> **WORK ITEM**
Without including the pictures, copy each line below exactly as it reads.

> **STORED DATA**

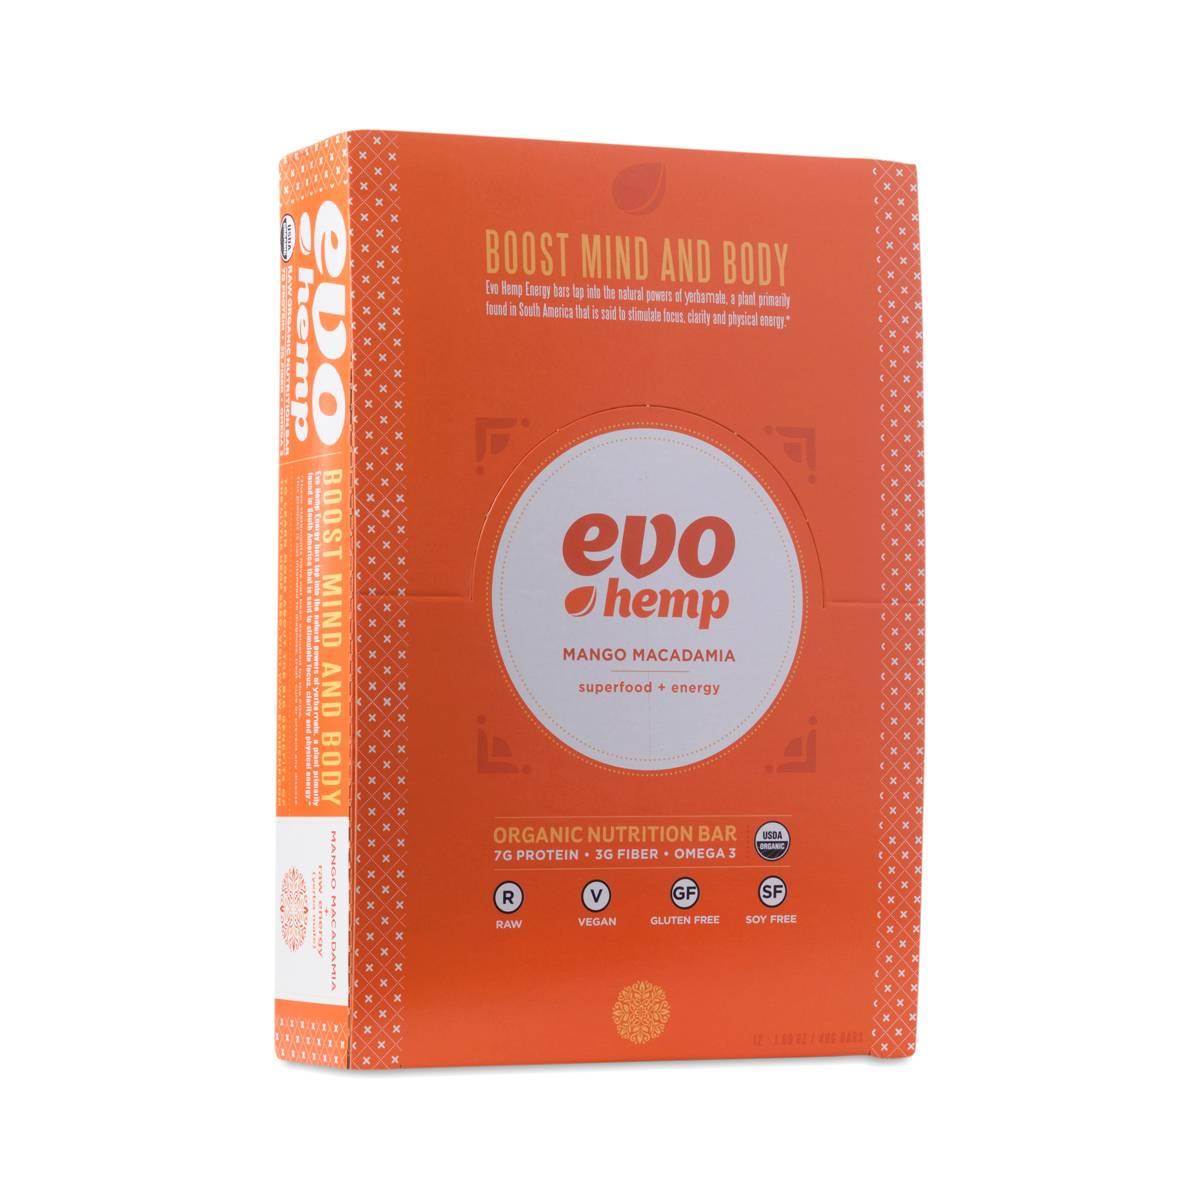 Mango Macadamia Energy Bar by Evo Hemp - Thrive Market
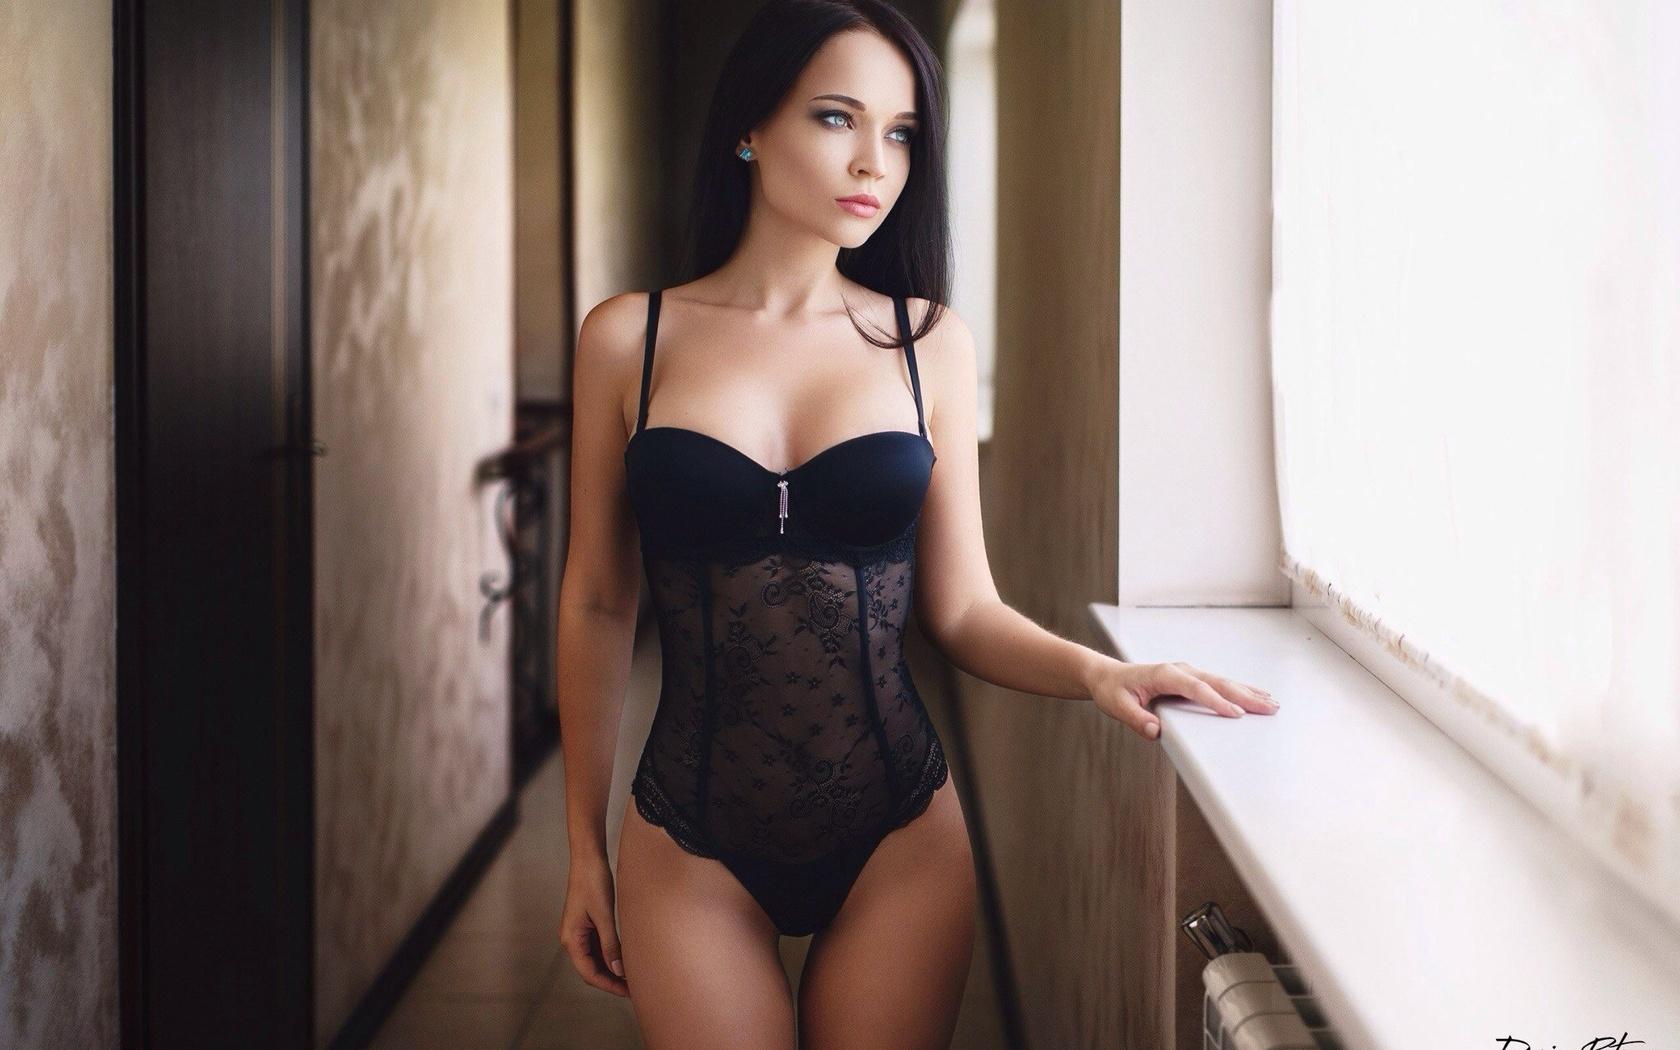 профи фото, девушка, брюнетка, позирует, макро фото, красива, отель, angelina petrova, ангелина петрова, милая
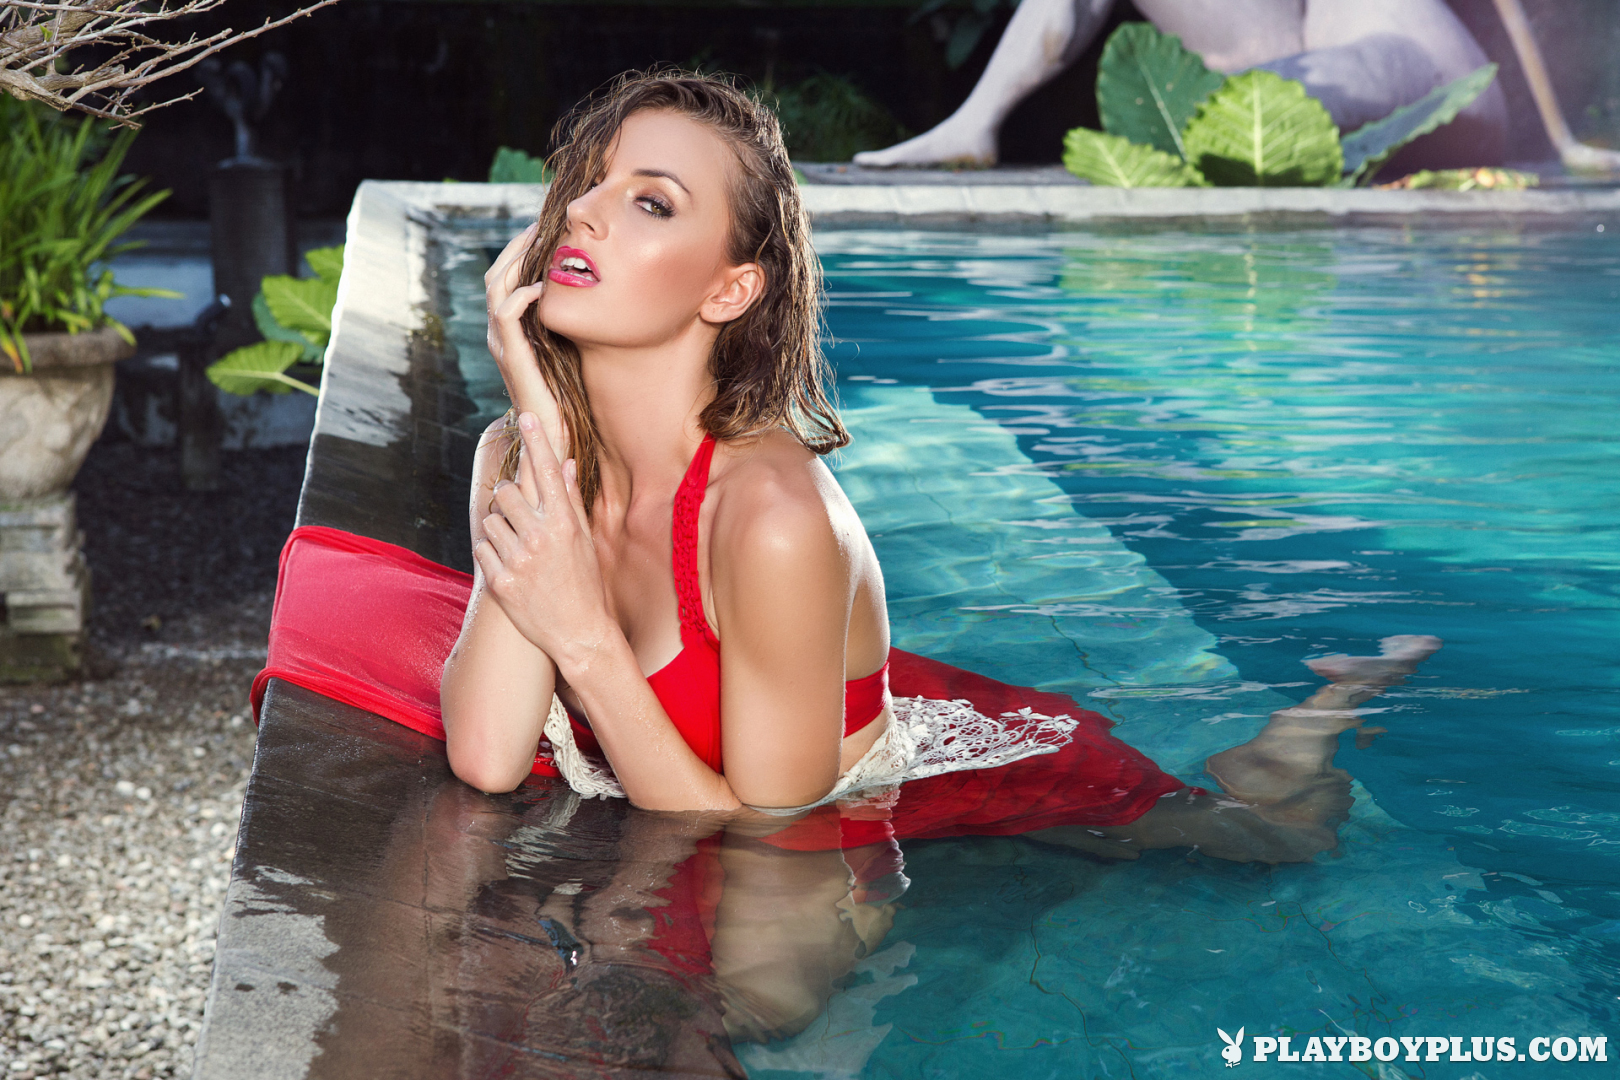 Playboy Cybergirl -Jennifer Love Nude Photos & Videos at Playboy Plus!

> **OUTPUT OF THE EXERCISE**
 Mango Macadamia Energy Bar by Evo Hemp - Thrive Market
 профи фото, девушка, брюнетка, позирует, макро фото, красива, отель, angelina petrova, ангелина петрова, милая
 Playboy Cybergirl -Jennifer Love Nude Photos & Videos at Playboy Plus!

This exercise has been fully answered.